AVAILABLE DATA
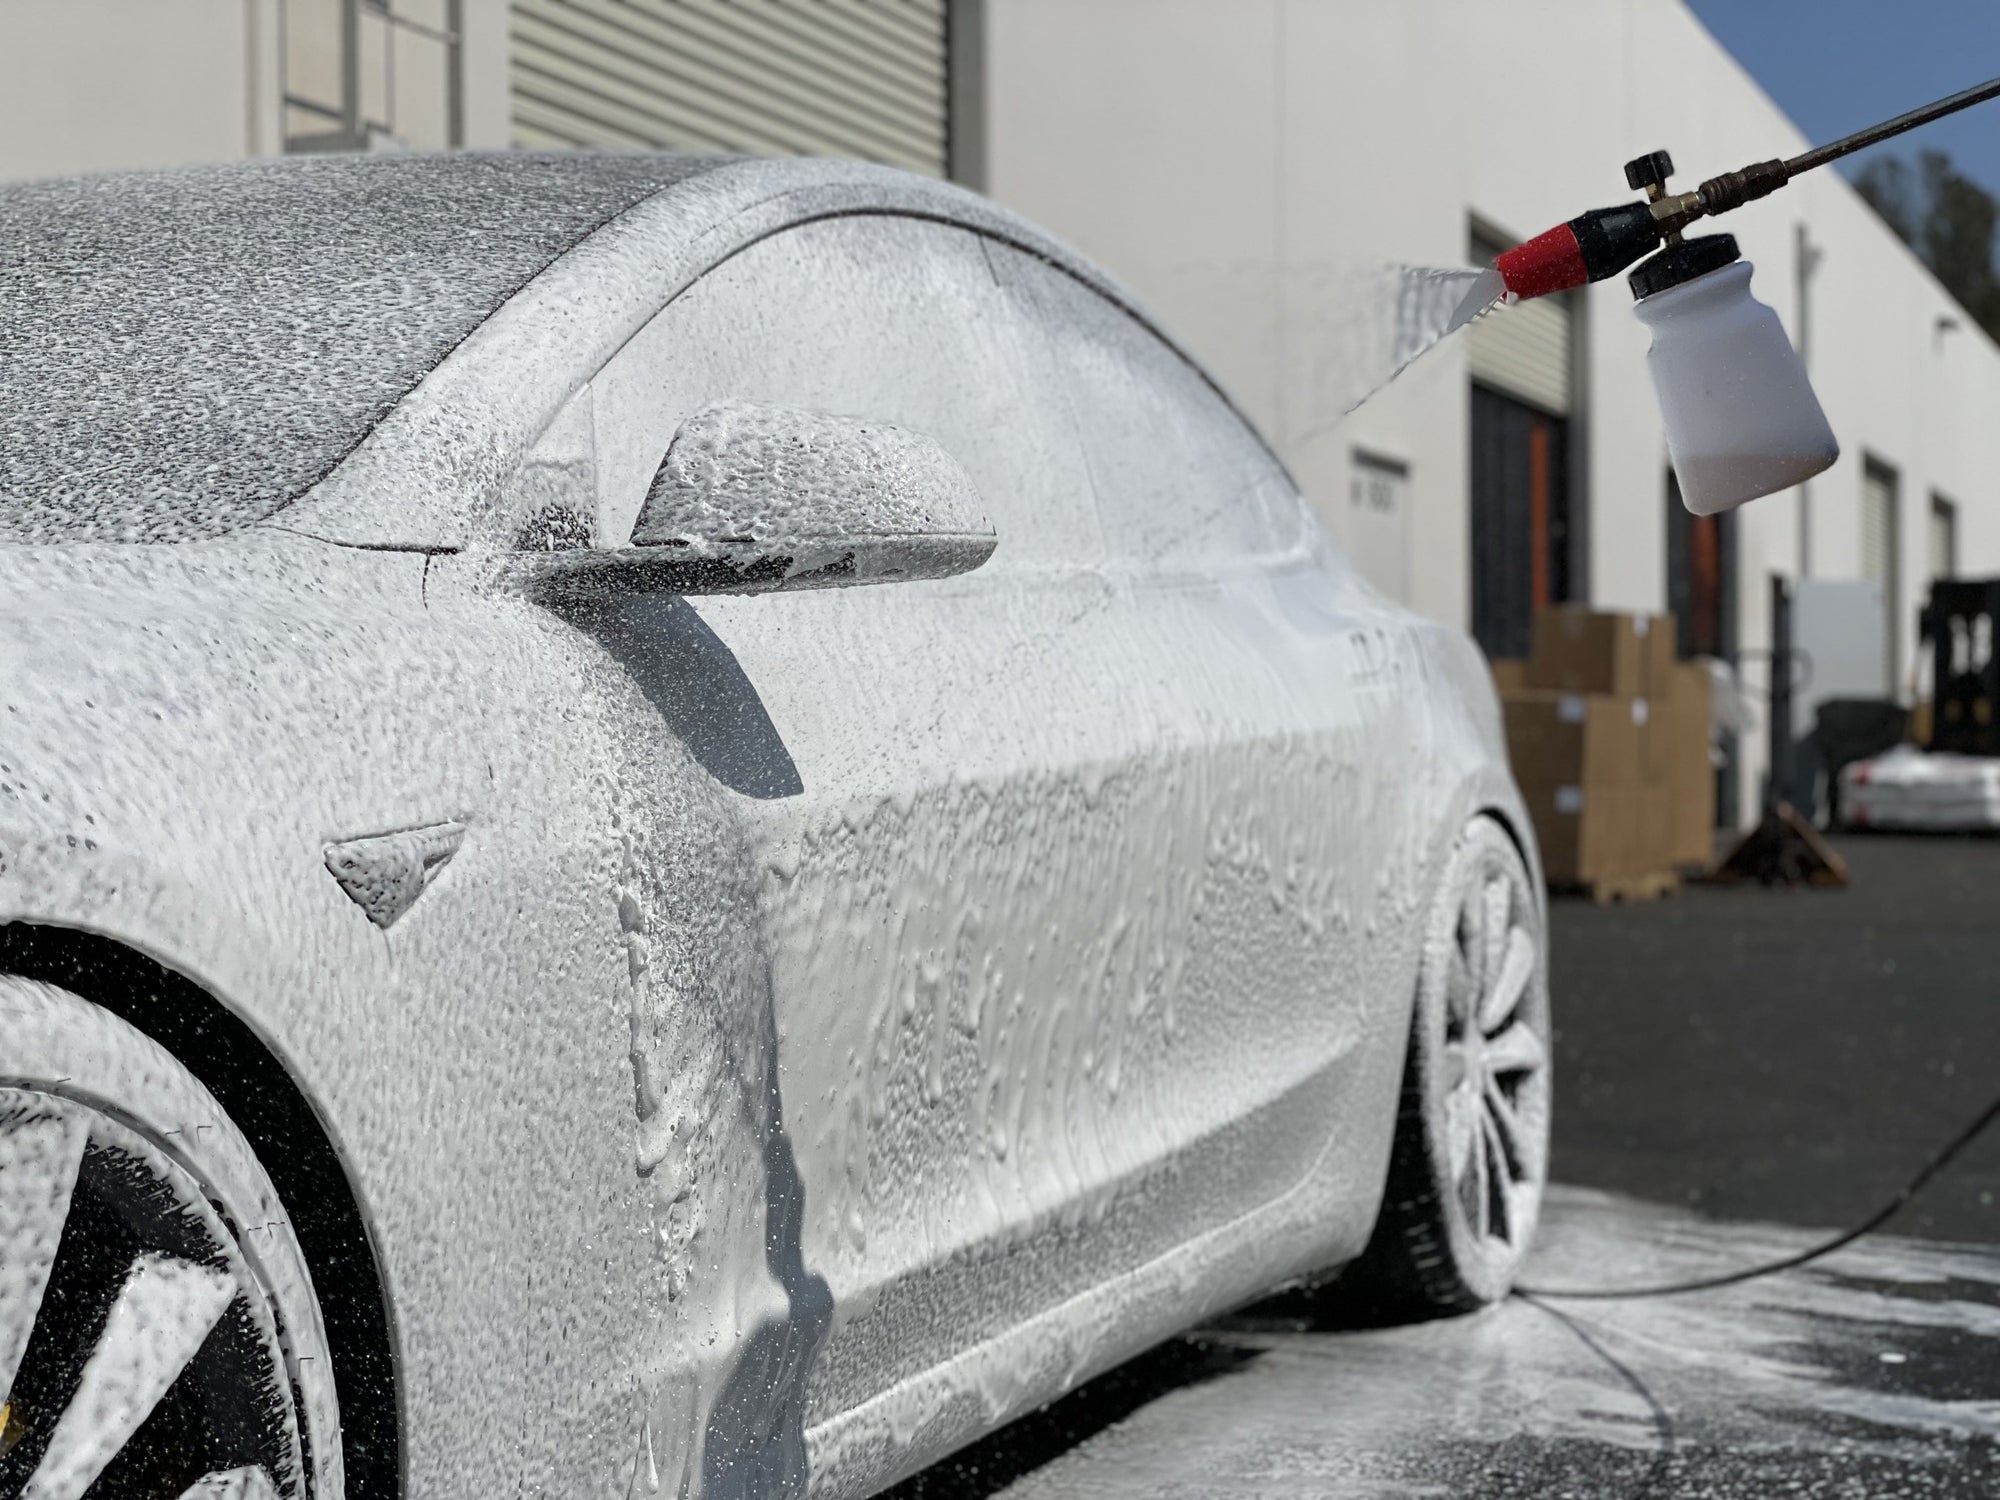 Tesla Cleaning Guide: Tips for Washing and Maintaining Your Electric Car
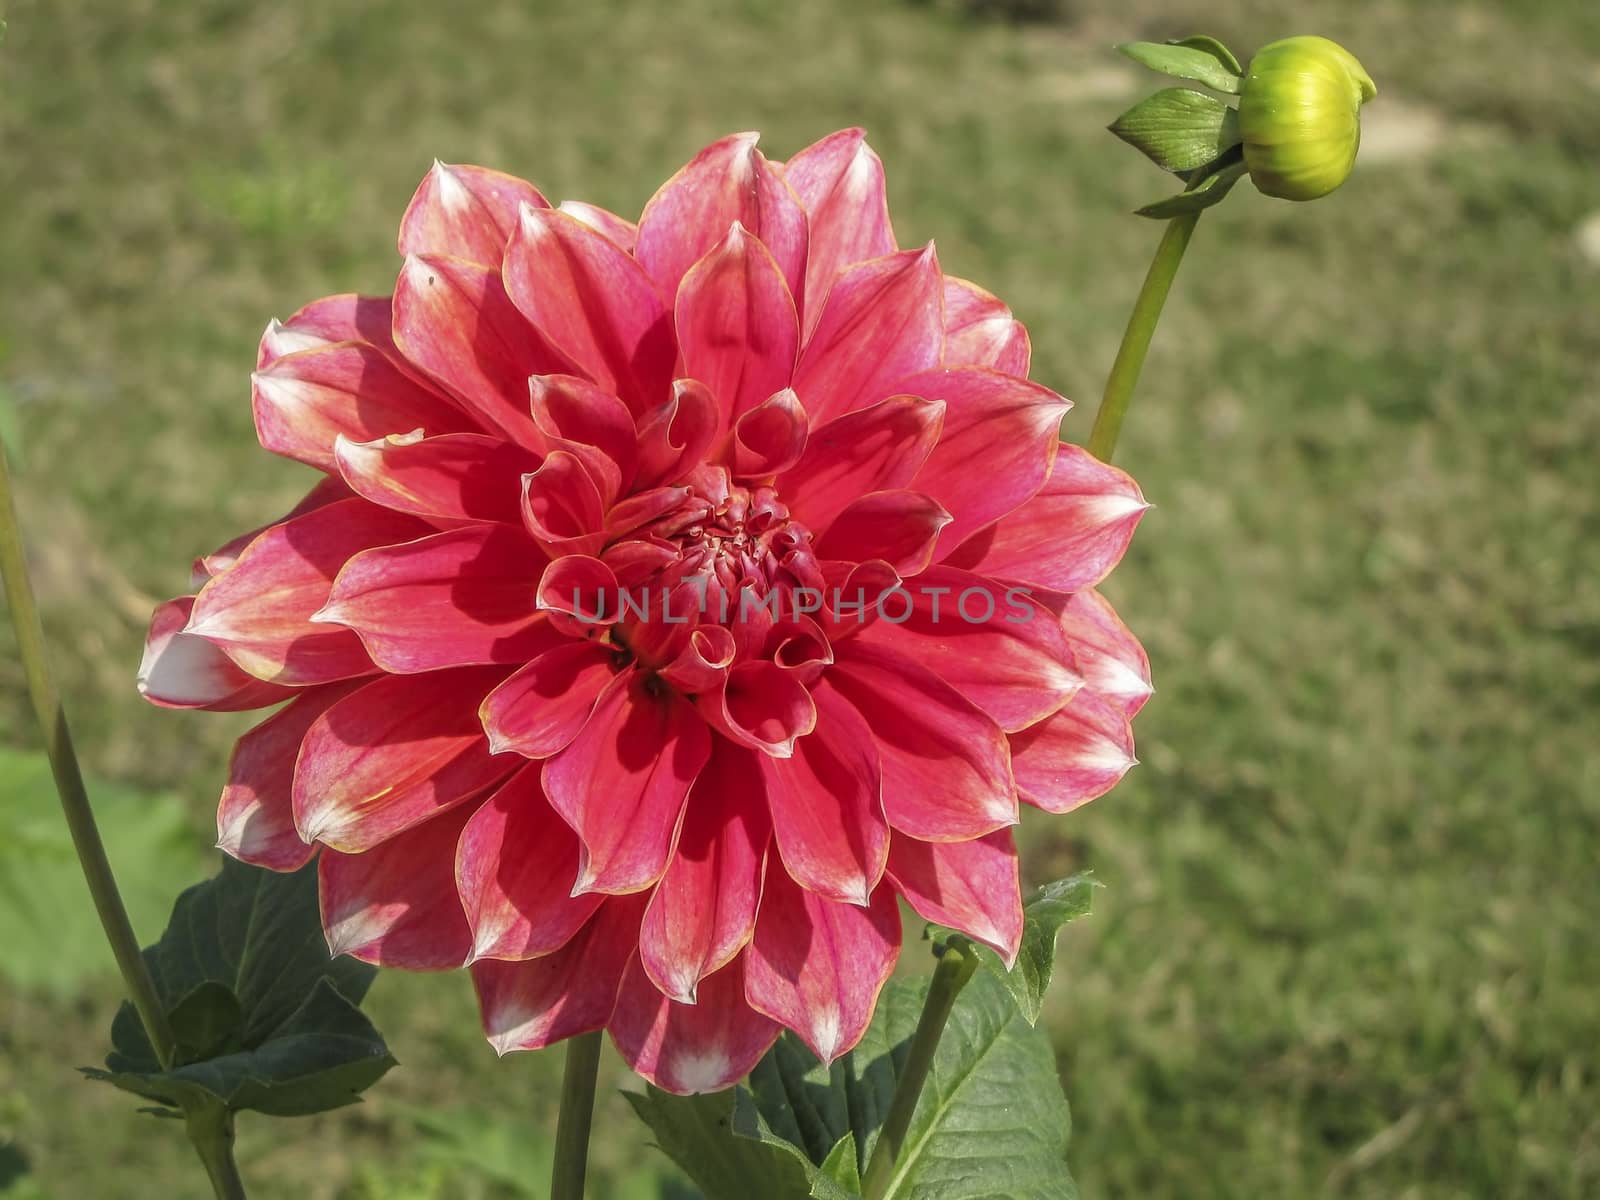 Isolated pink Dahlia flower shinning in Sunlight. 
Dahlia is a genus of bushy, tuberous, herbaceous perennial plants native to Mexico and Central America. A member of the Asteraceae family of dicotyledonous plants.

WHAT IS BEING ASKED
Write the listing again exactly, duplicating every line and skipping the pictures.

RESULT
 Tesla Cleaning Guide: Tips for Washing and Maintaining Your Electric Car
 Isolated pink Dahlia flower shinning in Sunlight. 
Dahlia is a genus of bushy, tuberous, herbaceous perennial plants native to Mexico and Central America. A member of the Asteraceae family of dicotyledonous plants.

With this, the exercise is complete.